Linear Algebra

MATH 3013

Time and Place: TR 3:00 - 4:15 in NRD 024
Professor: Igor E. Pritsker
Office: MSCS 519C
Office Hours: TR 11:30-12:30
Office Phone: 744-8220
E-mail: igor@math.okstate.edu
Web: https://math.okstate.edu/people/igor/
Textbook: Linear Algebra, by David Poole, Brooks/Cole, 4th ed.

Grading: We shall have two semester tests and the Final Exam. The break up of your course grade is as follows:

Tests 1-2 50% (25% each)

Quizzes 10%

Final Exam 40%

Your grade will be determined according to the scale

A 90-100

B 80-89

C 70-79

D 60-69

F 59 and lower

Note that the above numbers are percentages of the highest possible score in the course.

Attendance is mandatory in this class. OSU encourages you to wear a mask indoors in public settings regardless of whether you are fully vaccinated, consistent with the current CDC recommendations. This is especially important in classrooms and laboratories because people are together for long periods of time. Wearing a mask during class not only protects you but also helps protect those around you who may be more vulnerable. This is a simple way we can look out for all members of the Cowboy family. If you feel sick, do not attend class. Contact University Health Services at 405-744-7665 immediately and communicate with me as soon as possible about any work you miss.

Quizzes: Be prepared for short quizzes (1-2 problems, 10 minutes). They will be given without prior announcement. All quizzes are based on your home assignments. Two lowest quiz grades will be dropped. No make-up quizzes will be given regardless of the reason why a quiz was missed.

Homework will be assigned daily (see the schedule). It is required that you complete all homework. This is critical for your success in the course. In addition, all graded assignments are based on the homework problems.

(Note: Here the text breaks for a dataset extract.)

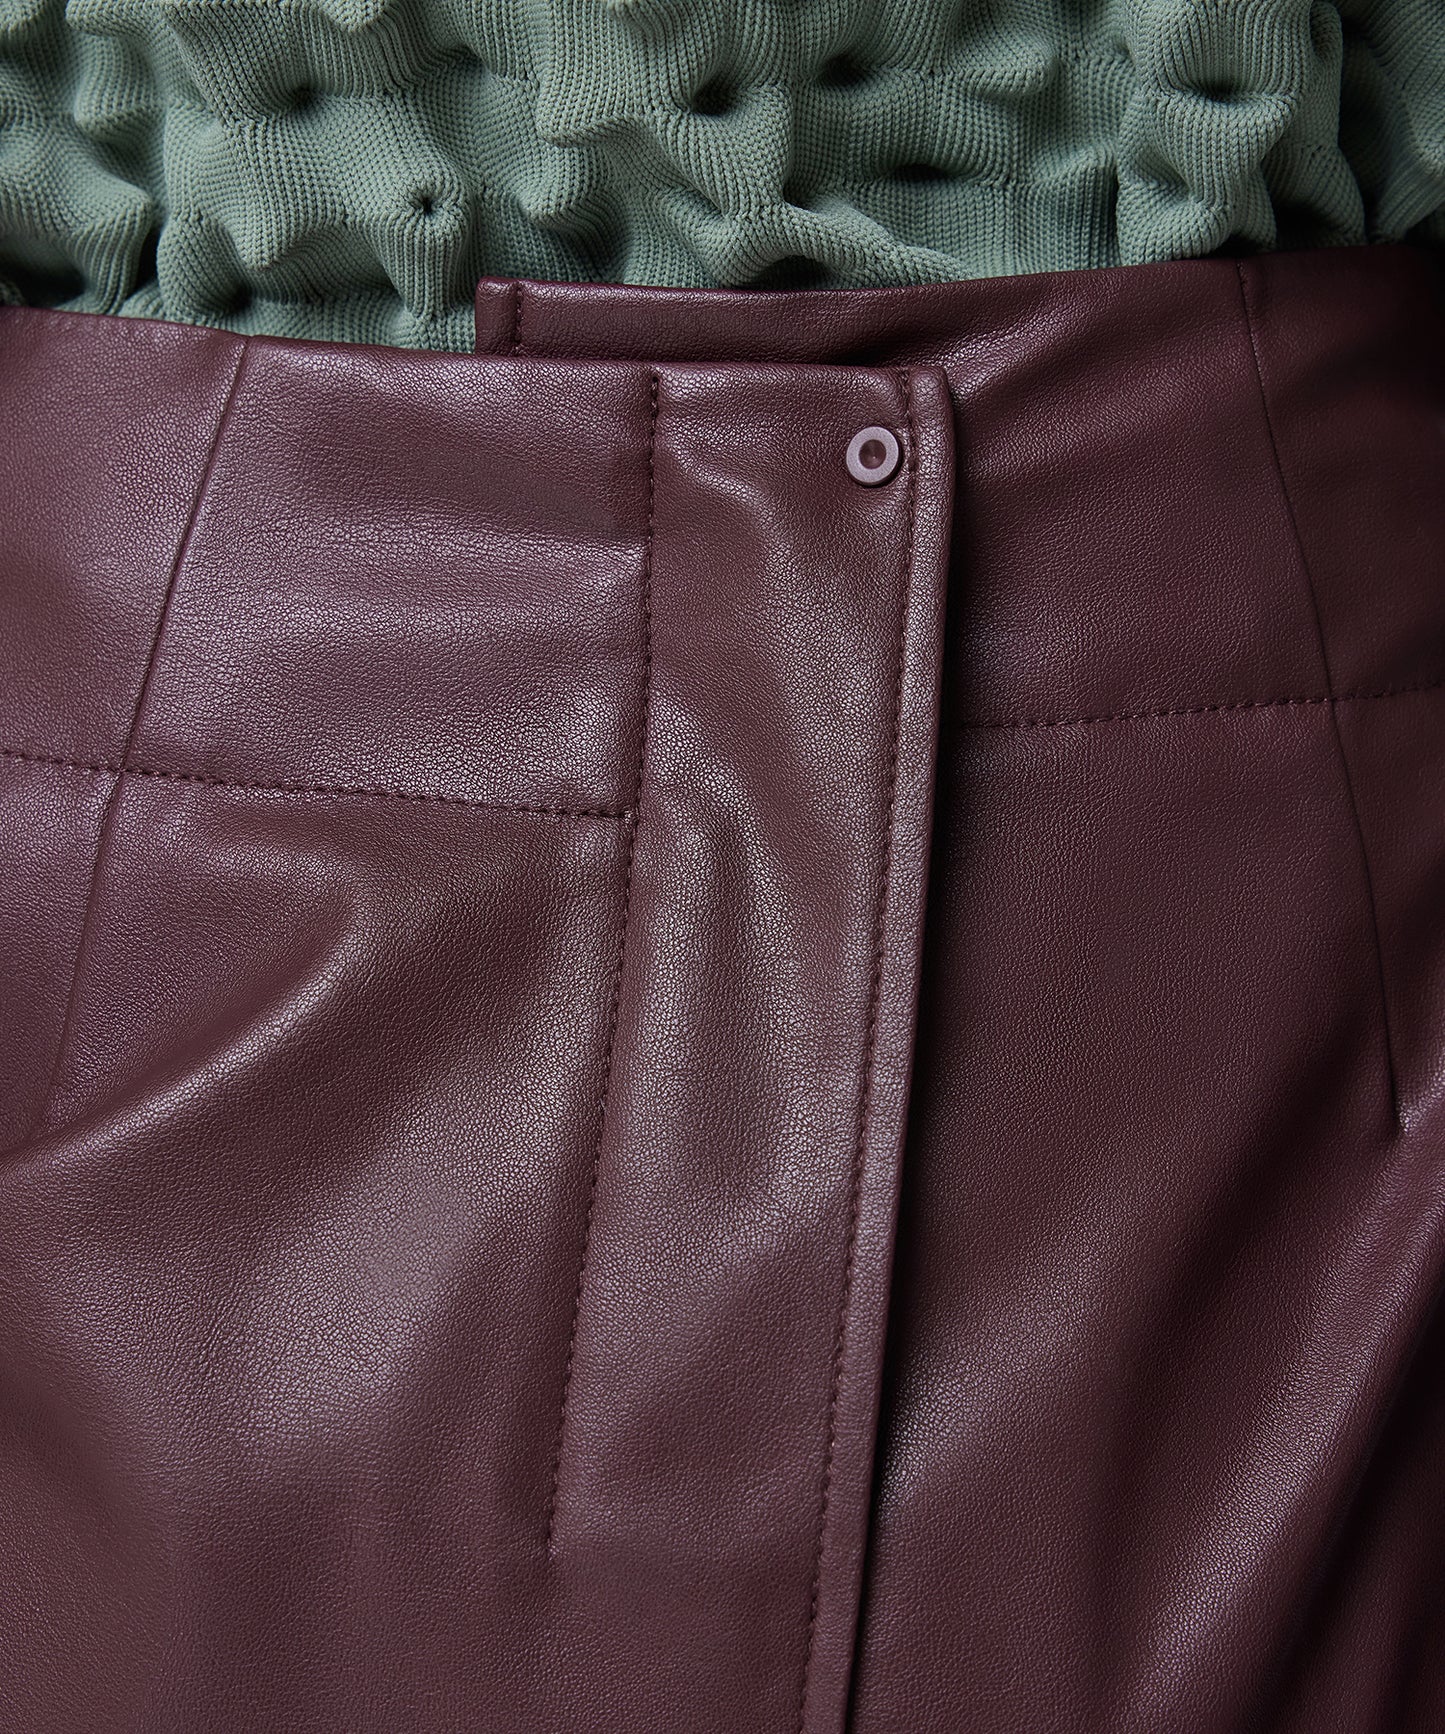 Faux Leather Asymmetric Pleated Skirt

Recommended Learning Method:

Before we start any section, read it in the textbook. Keep a list of questions you encounter while studying.
When we cover this material in class, ask me any prepared or unprepared question and resolve any difficulty you might have had.
Start working on the assigned homework immediately after we covered the necessary topics. It is helpful to read the text again before doing your homework, and in case you have difficulties with a problem.
Write down a detailed solution of every problem. Use tutorial assistance at MLSC and/or come to my office hours if needed.

Make-up Exams are given only in cases of serious illness or extreme emergency that prevents you from taking a test at the specified time. You have to contact me before the test and communicate all circumstances. Furthermore, you must appear in person, with supporting documents, to discuss the situation as soon as possible.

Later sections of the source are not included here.